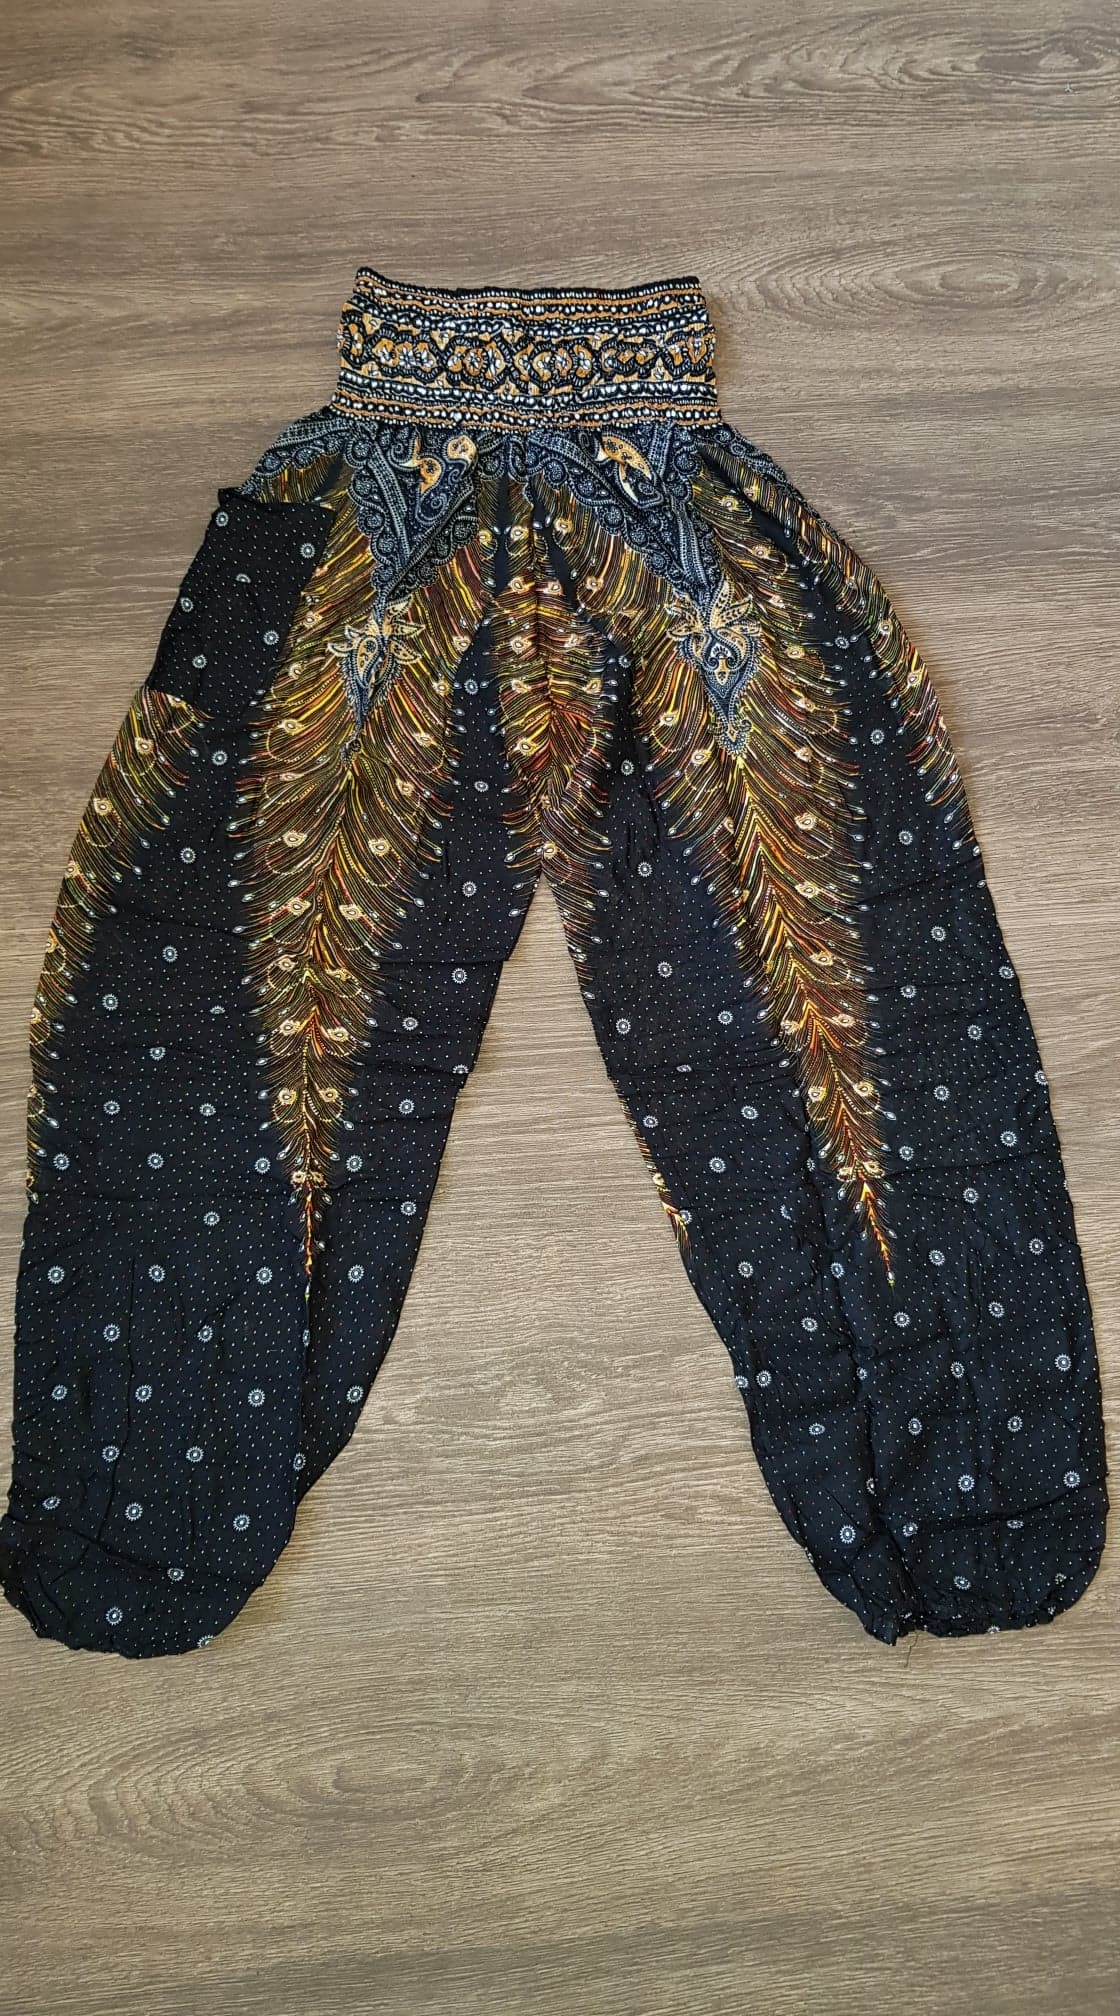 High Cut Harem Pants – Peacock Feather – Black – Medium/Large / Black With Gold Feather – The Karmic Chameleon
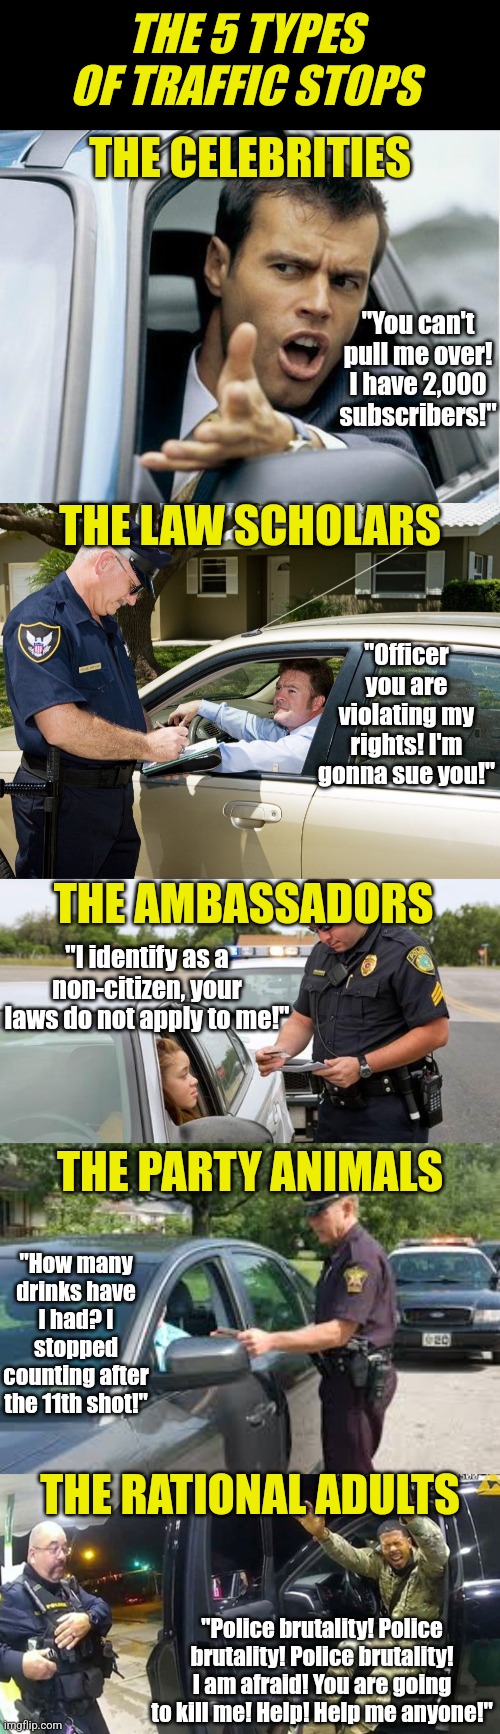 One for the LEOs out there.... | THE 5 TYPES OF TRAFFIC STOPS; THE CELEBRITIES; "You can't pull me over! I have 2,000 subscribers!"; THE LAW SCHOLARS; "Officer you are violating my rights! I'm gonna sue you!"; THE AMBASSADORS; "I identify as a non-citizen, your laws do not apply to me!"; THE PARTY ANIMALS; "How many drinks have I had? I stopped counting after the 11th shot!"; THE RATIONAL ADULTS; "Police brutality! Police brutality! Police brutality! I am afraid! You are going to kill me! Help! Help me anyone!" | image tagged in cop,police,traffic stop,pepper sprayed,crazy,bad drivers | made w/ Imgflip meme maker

-------

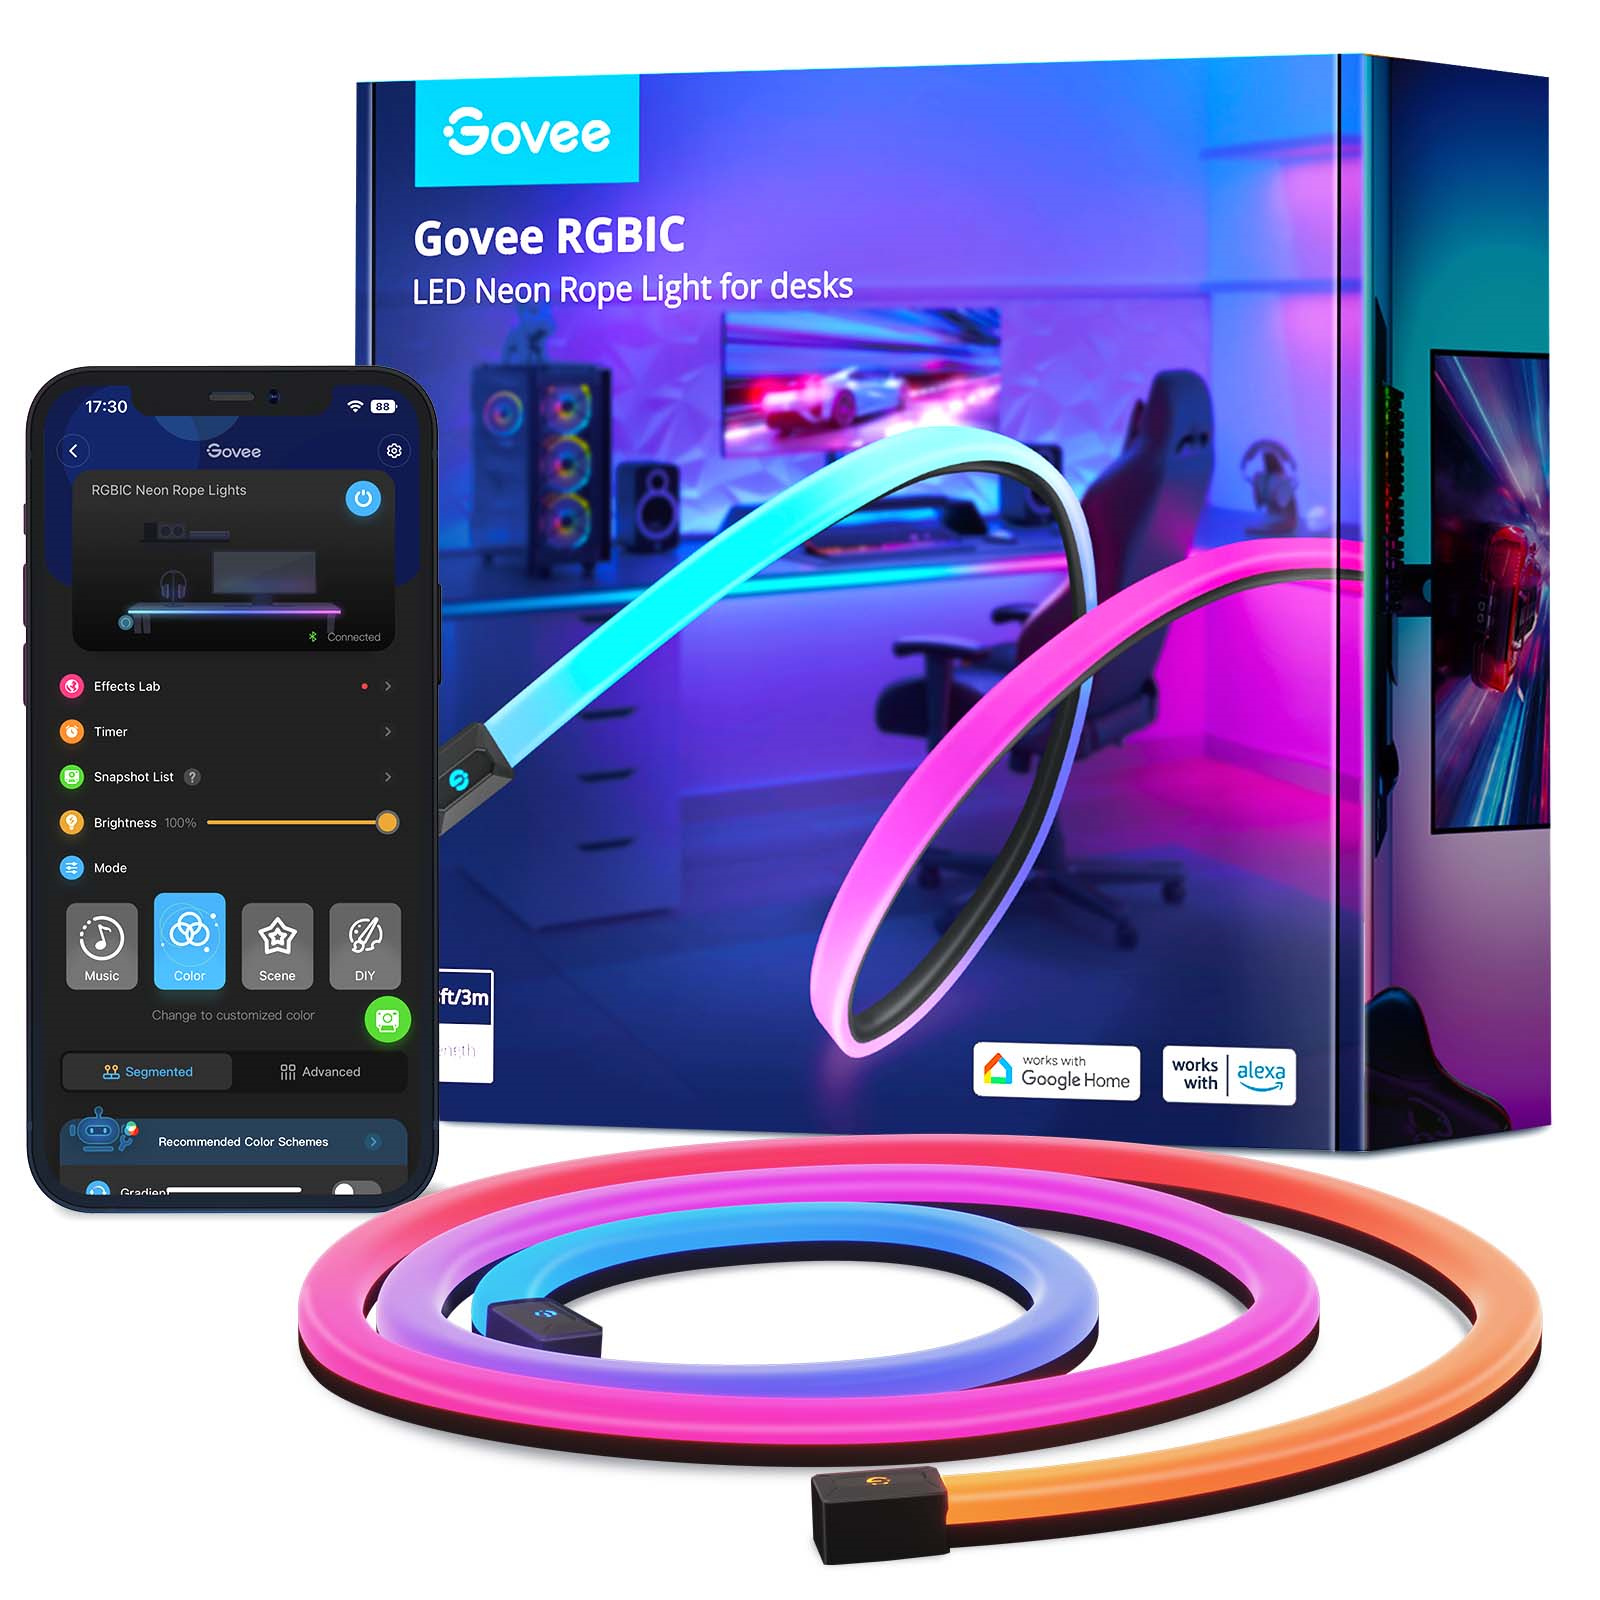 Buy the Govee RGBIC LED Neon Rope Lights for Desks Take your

-------

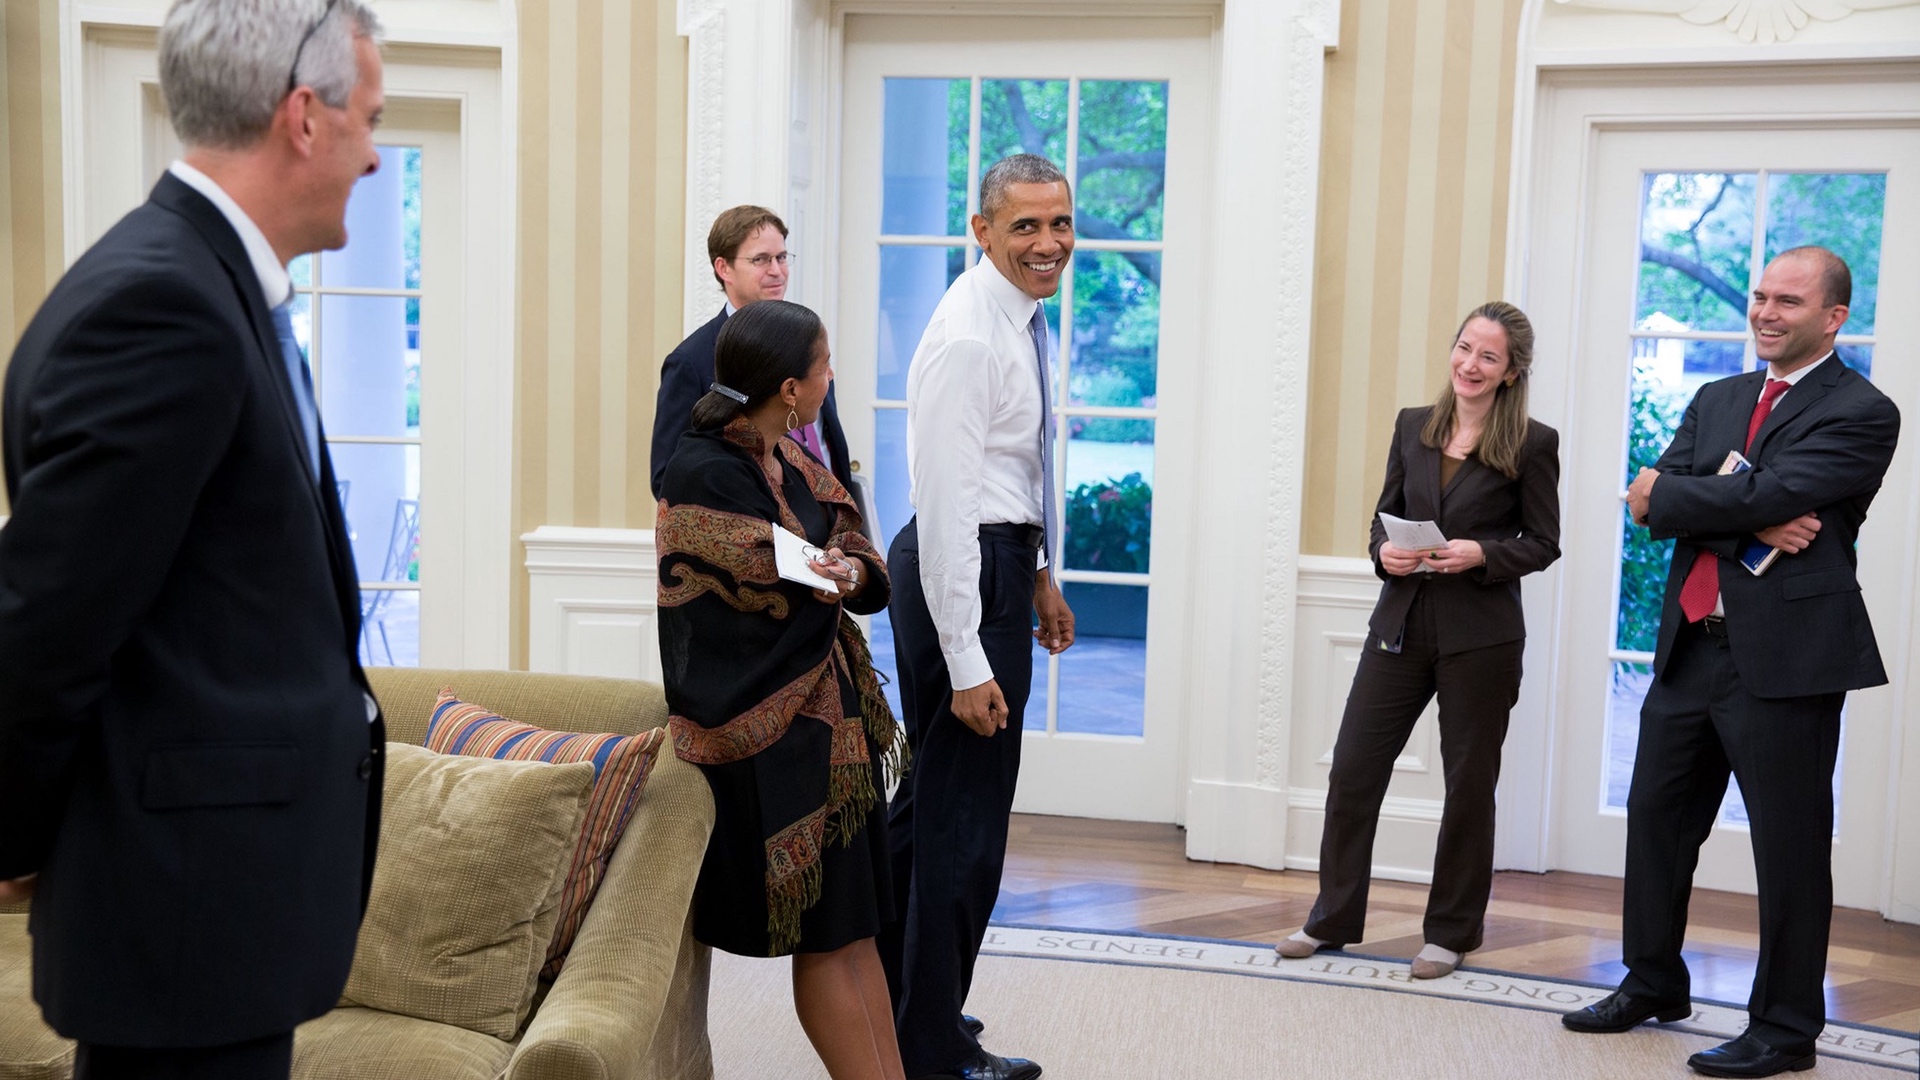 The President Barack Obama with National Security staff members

-------

# [Task item]
"High Cut Harem" marks the first line to copy, and "One for the" marks the last. Repeat that stretch above exactly, with no pictures.

# [Expected output]
 High Cut Harem Pants – Peacock Feather – Black – Medium/Large / Black With Gold Feather – The Karmic Chameleon
 One for the LEOs out there.... | THE 5 TYPES OF TRAFFIC STOPS; THE CELEBRITIES; "You can't pull me over! I have 2,000 subscribers!"; THE LAW SCHOLARS; "Officer you are violating my rights! I'm gonna sue you!"; THE AMBASSADORS; "I identify as a non-citizen, your laws do not apply to me!"; THE PARTY ANIMALS; "How many drinks have I had? I stopped counting after the 11th shot!"; THE RATIONAL ADULTS; "Police brutality! Police brutality! Police brutality! I am afraid! You are going to kill me! Help! Help me anyone!" | image tagged in cop,police,traffic stop,pepper sprayed,crazy,bad drivers | made w/ Imgflip meme maker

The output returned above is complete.